The initial purpose of the malware seems to be sharing execution load among infected
host machines. However, due to the lack of the original Lua scripts and the extensive
functionality of the embedded Lua engine the original intentions of the attackers remain
unknown.
#### 2.1 MALWARE ANTI-ANALYSIS
Suspect #4 is written in C++, and just like its dropper, it is not protected by any runtime
packer or crypter. It is, however, compiled with a performance optimization option which
causes a lot of code in-lining and duplicate code in the binary. Duplication also applies to
string constants, as every string is present once per function, if the given function uses it.

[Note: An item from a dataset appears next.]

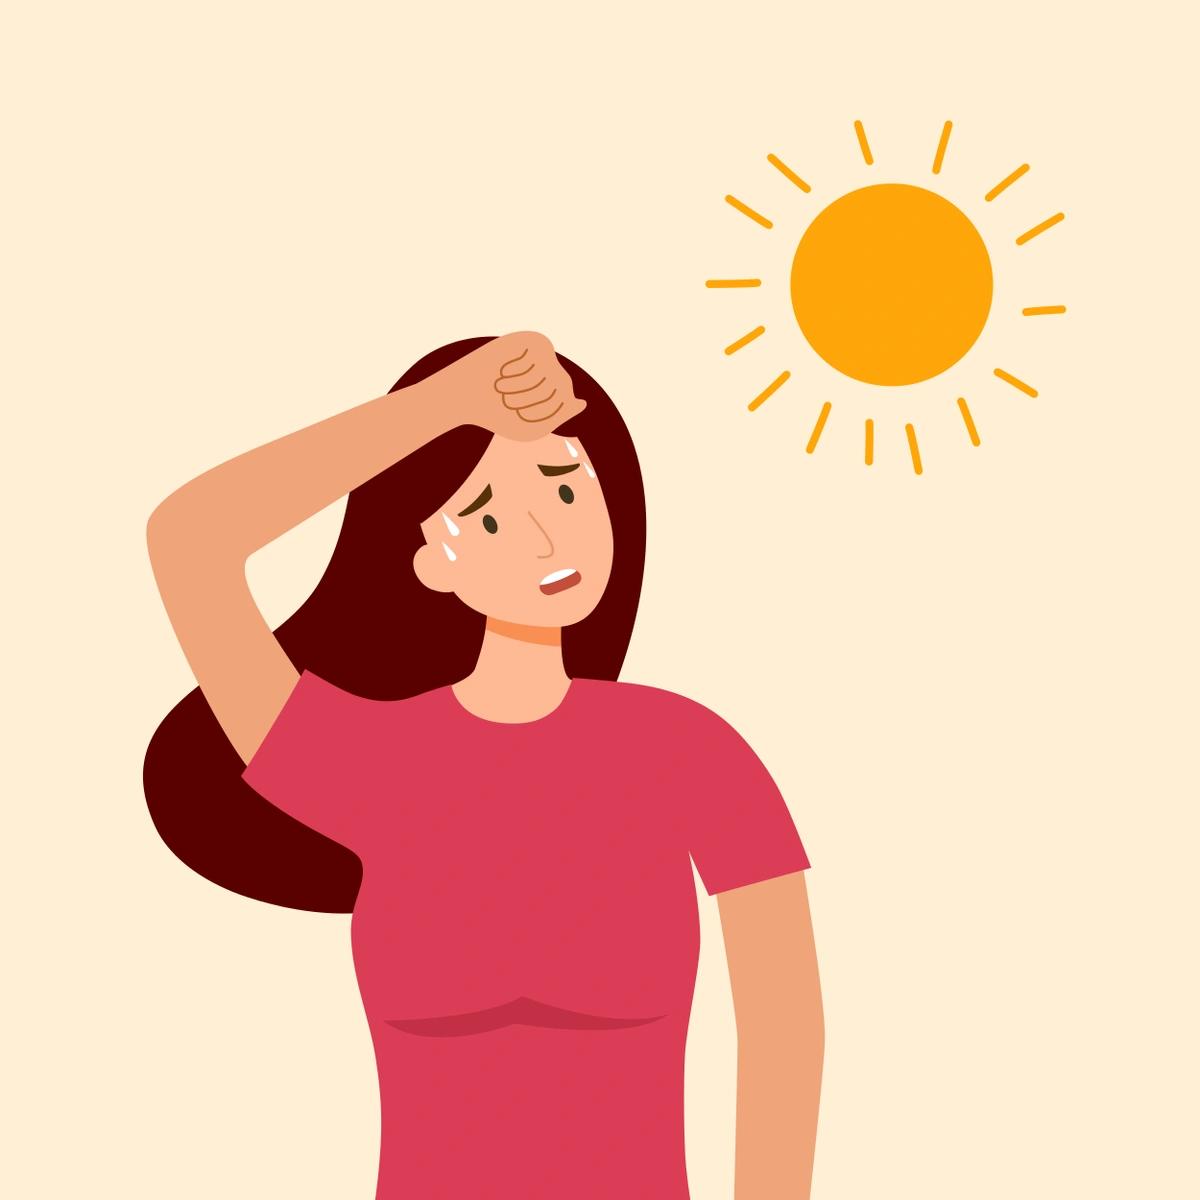 An illustration of a woman looking at the hot sun, wiping her brow as sweat rolls down her face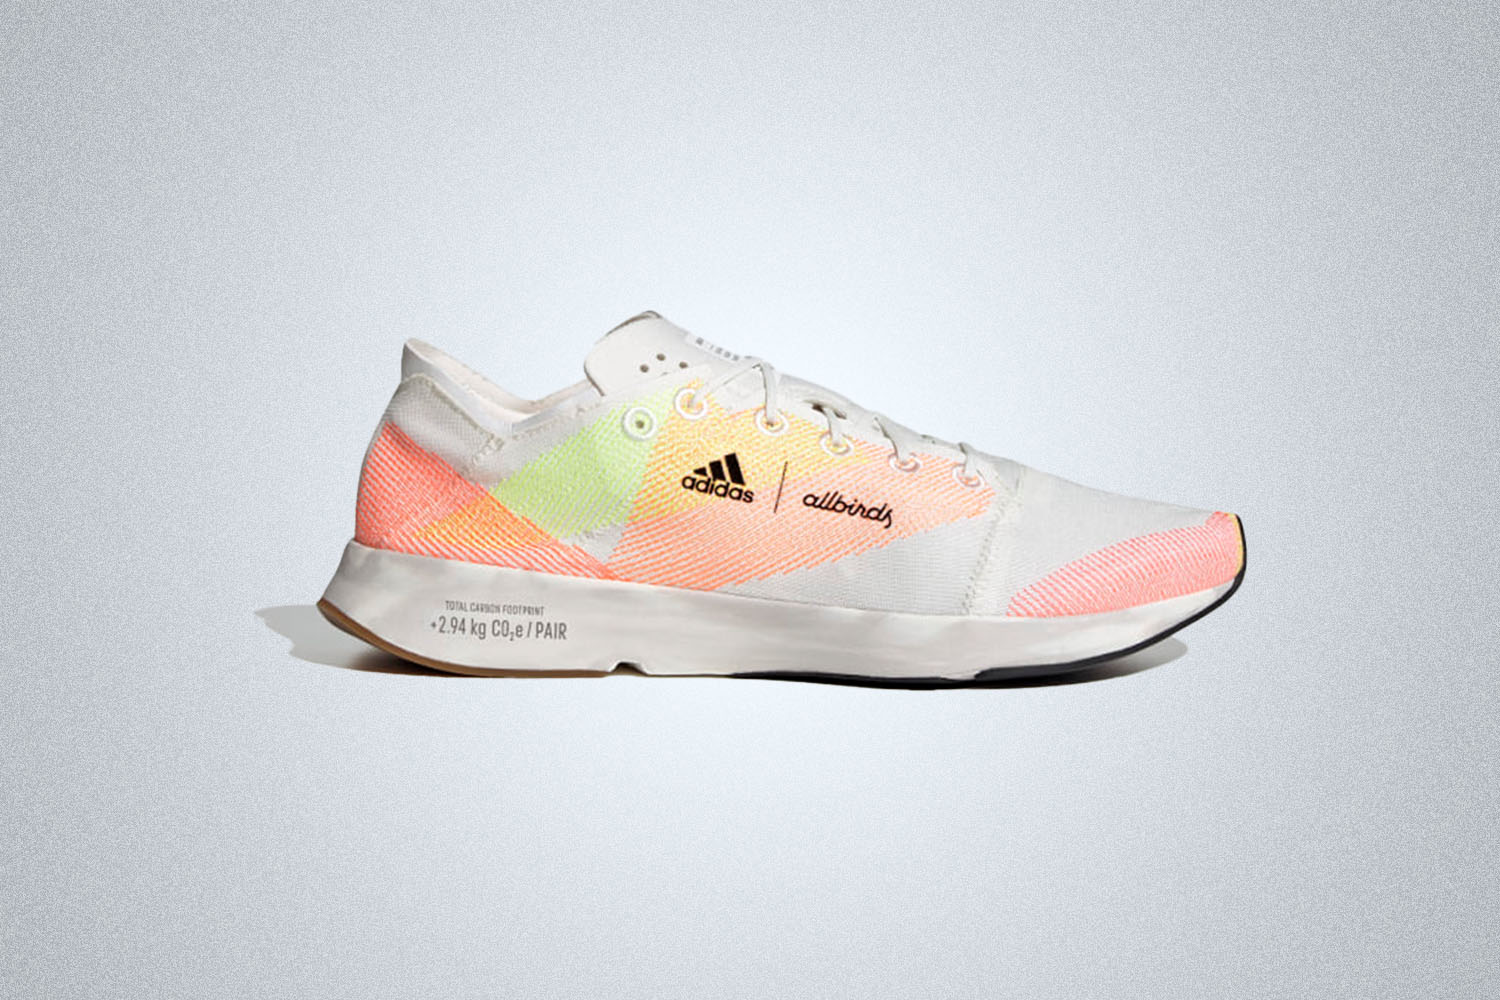 a white Adidas sneaker with pink, orange and yellow pattering on a grey background

This might accelerate execution speed of the bot at runtime, but implicitly or even on
purpose hinders static analysis of the binary code. Cross referencing of strings or helper
functions is ineffective due to the duplications.
Only few anti-analysis measures can be found in the binary. One function exists, which
resembles the sandbox check of its dropper with minor extensions. This sandbox detection
consists of three parts:
- The module path name should be more than 5 characters long and contain either
'msapps\' or 'Perf Manager\', which is the case if the sample was legitimately
dropped by its dropper.
- The module file name should not contain either of the following strings: 'klavme',
'myapp', 'TESTAPP' or 'afyjevmv.exe'.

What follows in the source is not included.